[[ Collected material open ]]

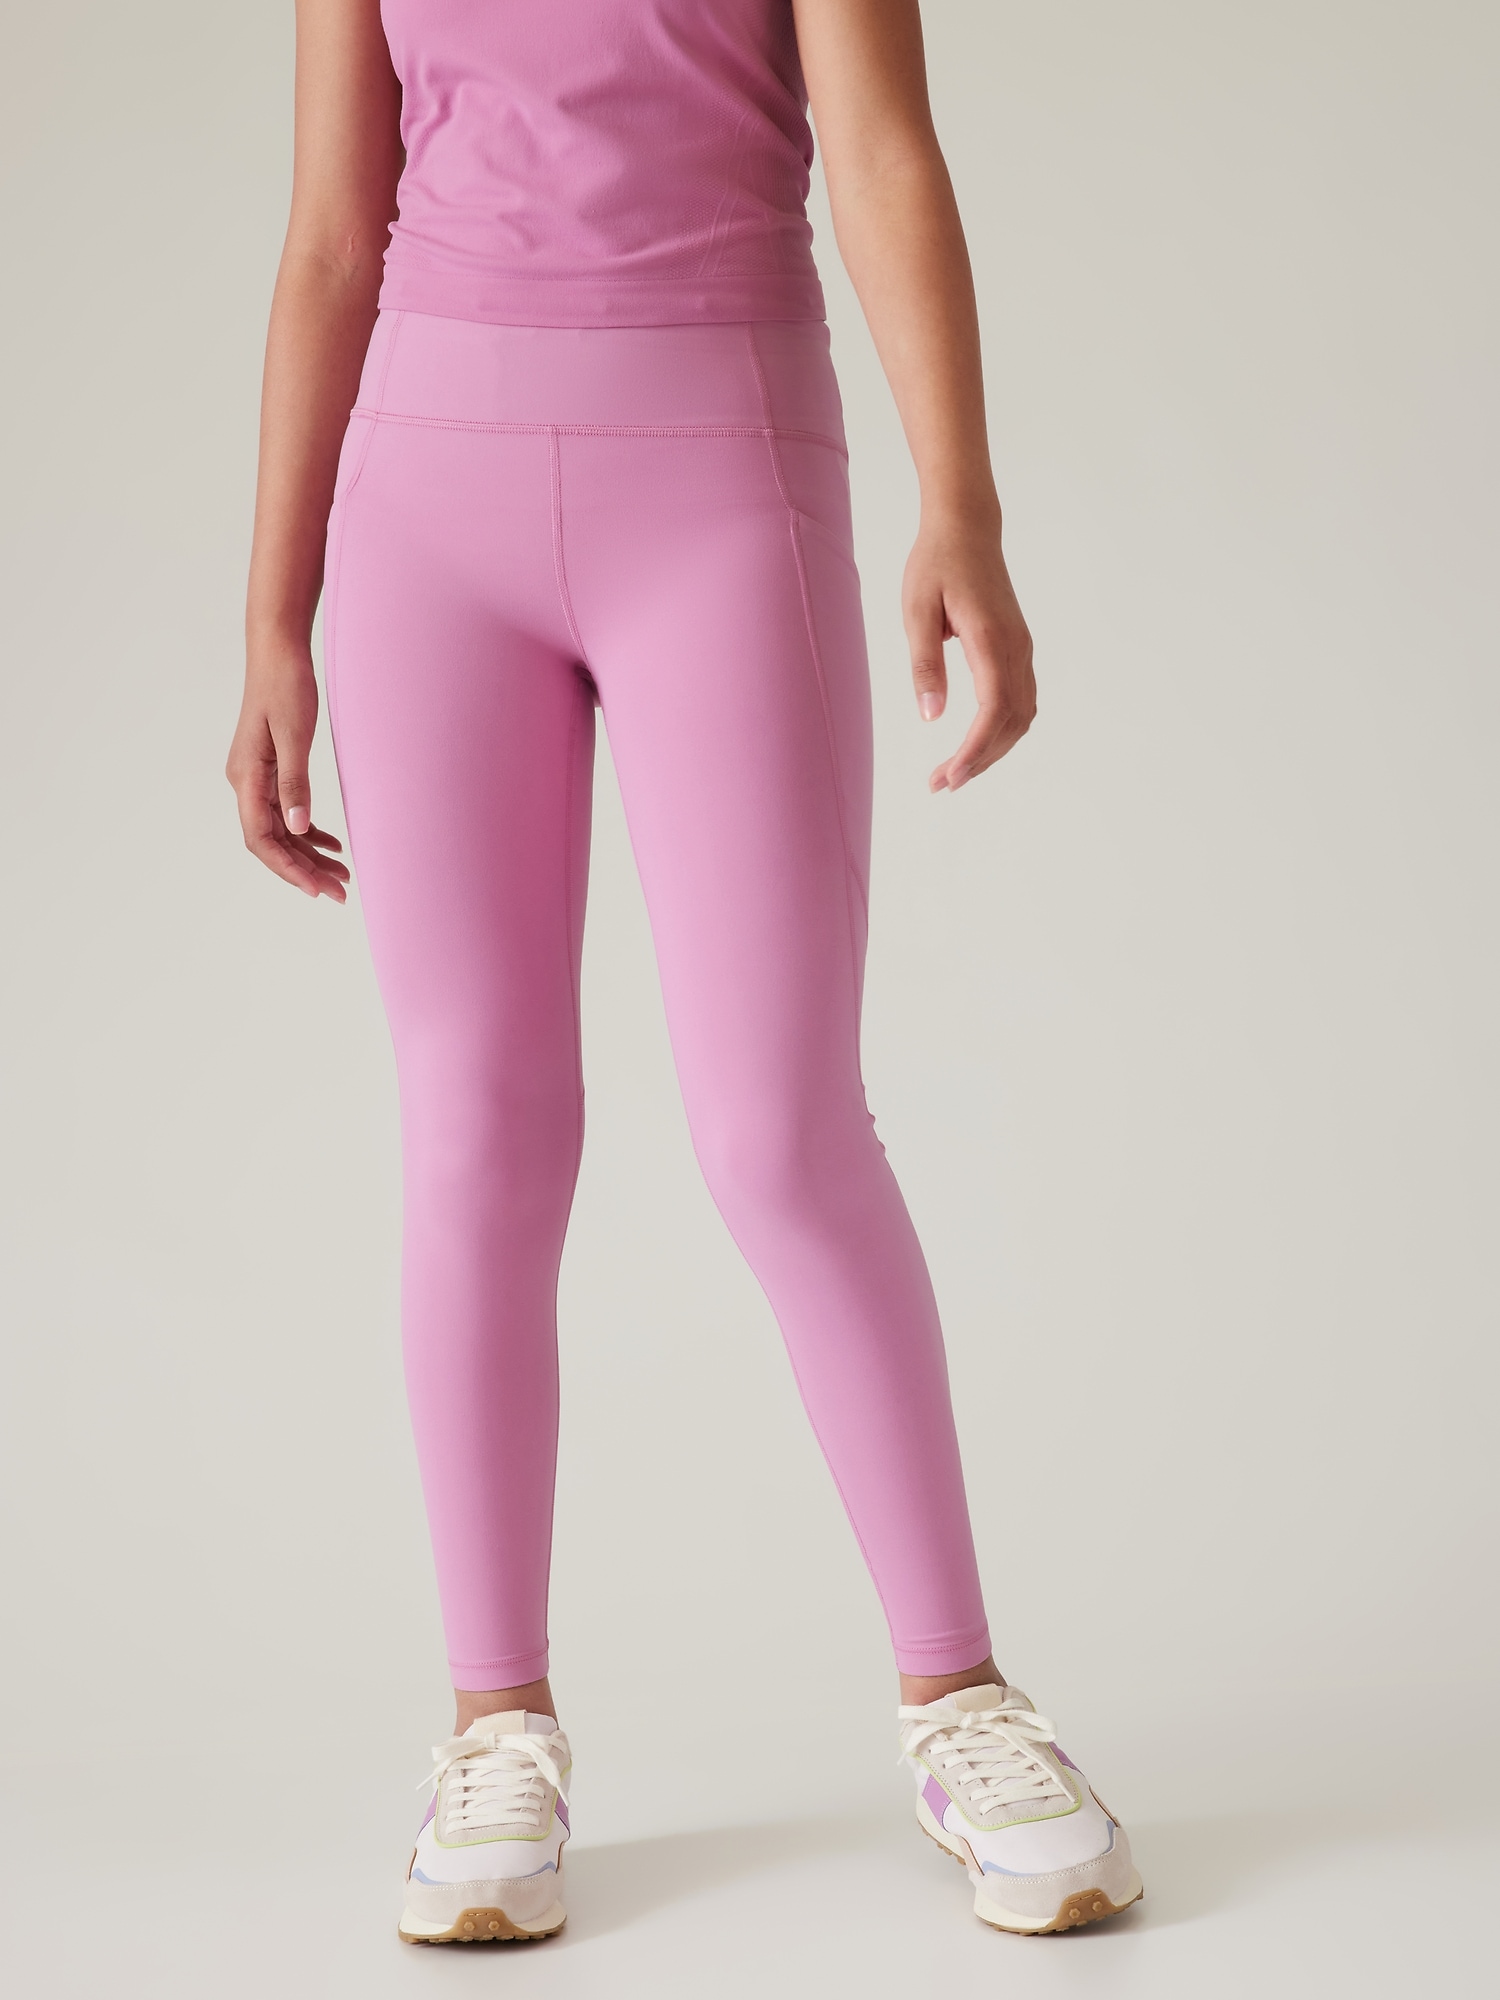 Athleta Solid Pink Leggings Size XL - 65% off
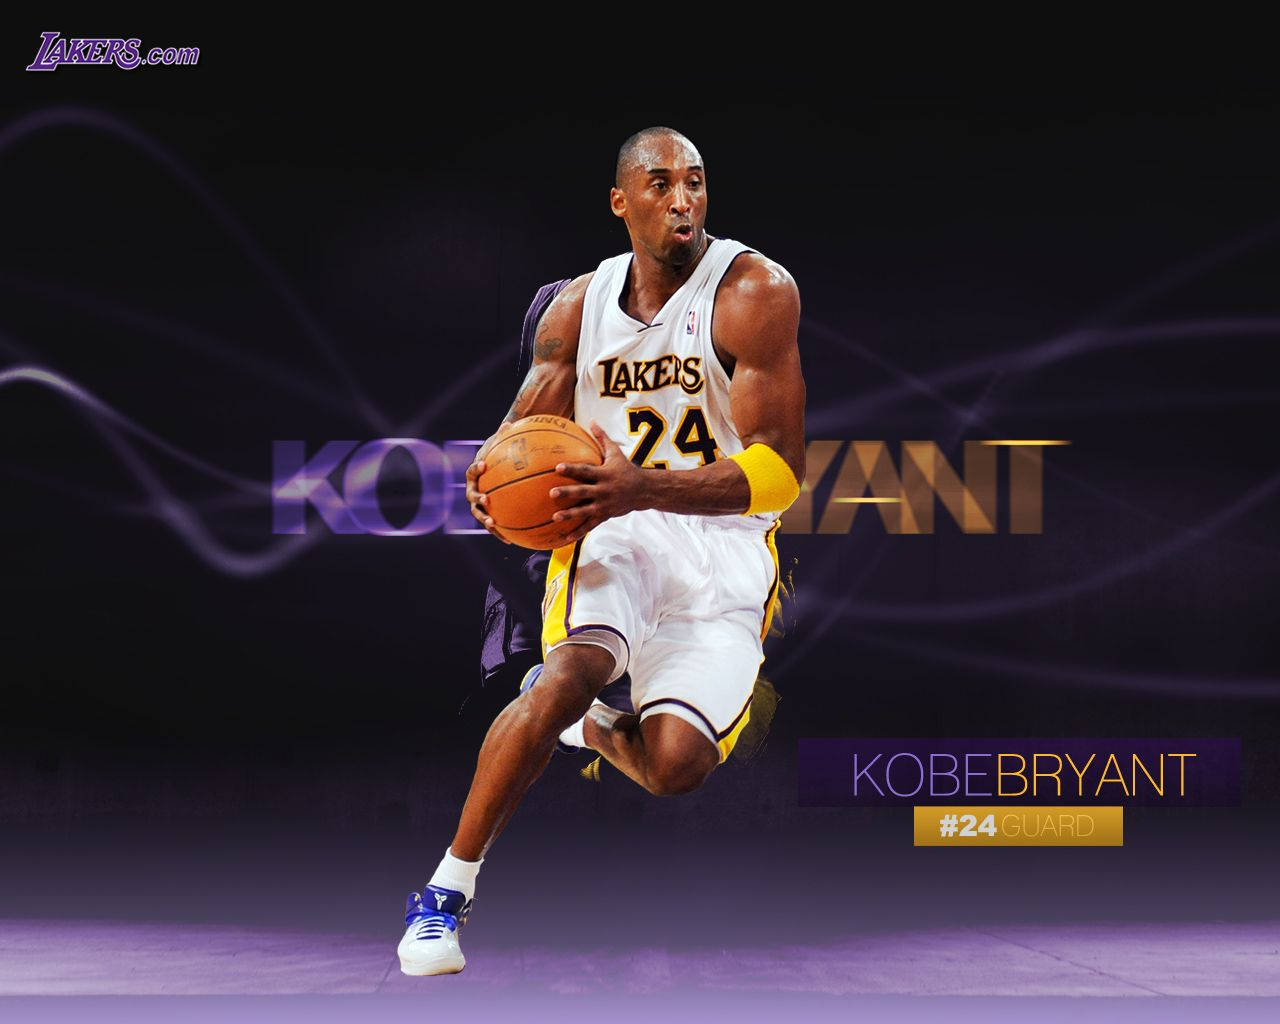 1280X1024 Kobe Bryant Wallpaper and Background
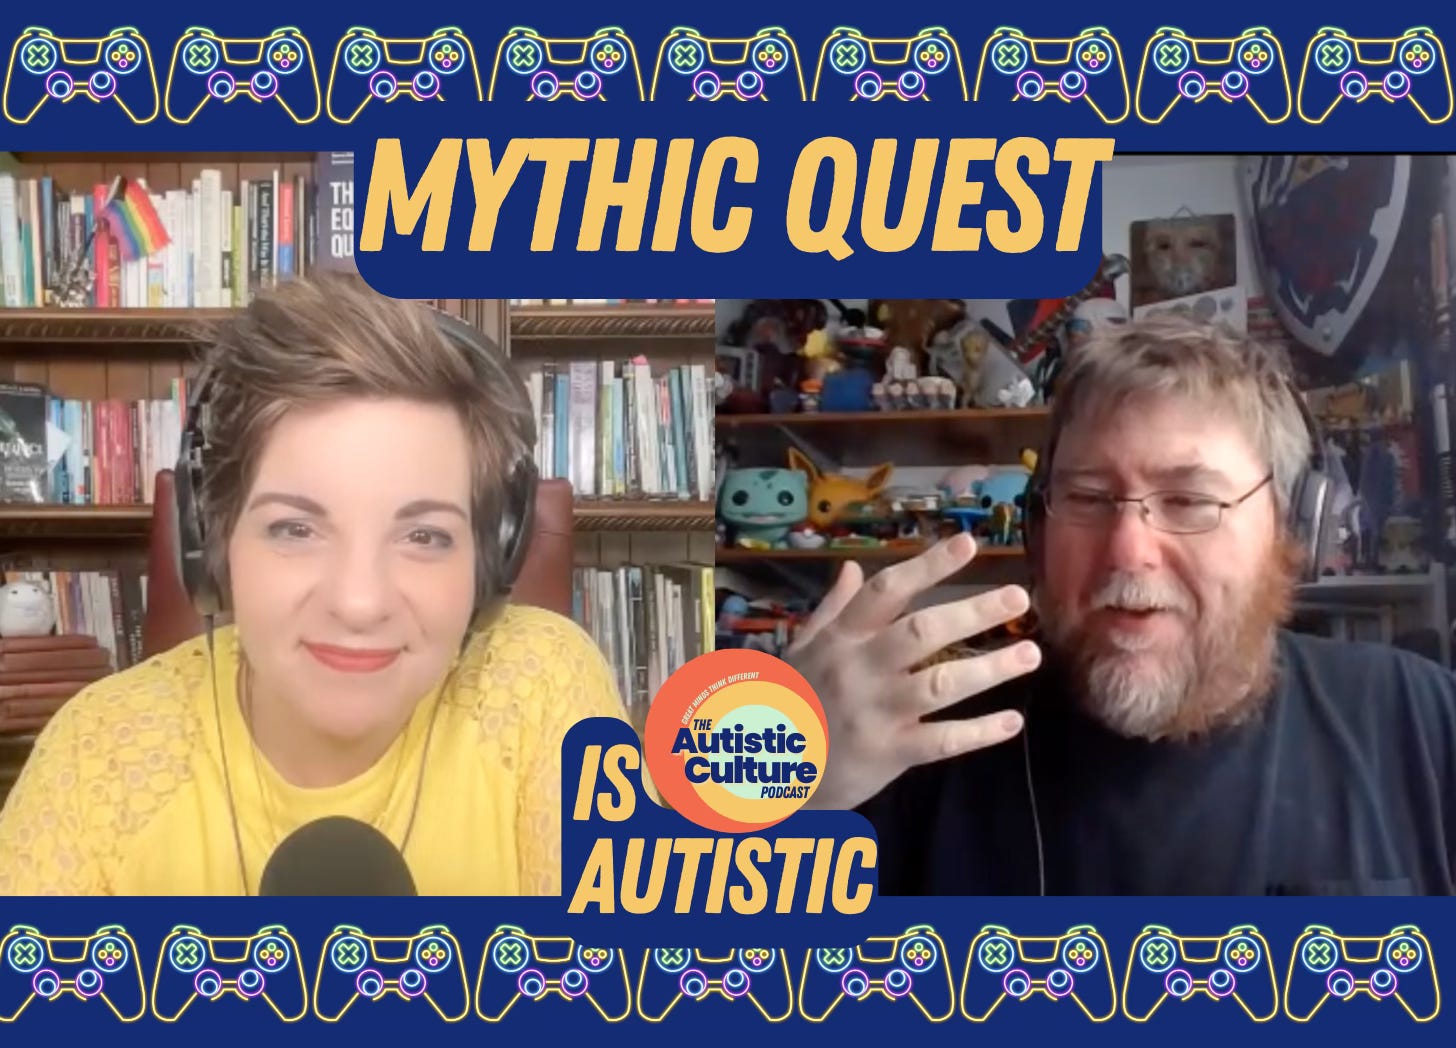 Mythic Quest is Autistic (Episode 60)

[[ Collected material closed ]]

▸ What you are asked to do:
Please return the whole listing exactly. Do not copy its images.

▸ Result of the exercise:
 Athleta Solid Pink Leggings Size XL - 65% off
 1280X1024 Kobe Bryant Wallpaper and Background
 Mythic Quest is Autistic (Episode 60)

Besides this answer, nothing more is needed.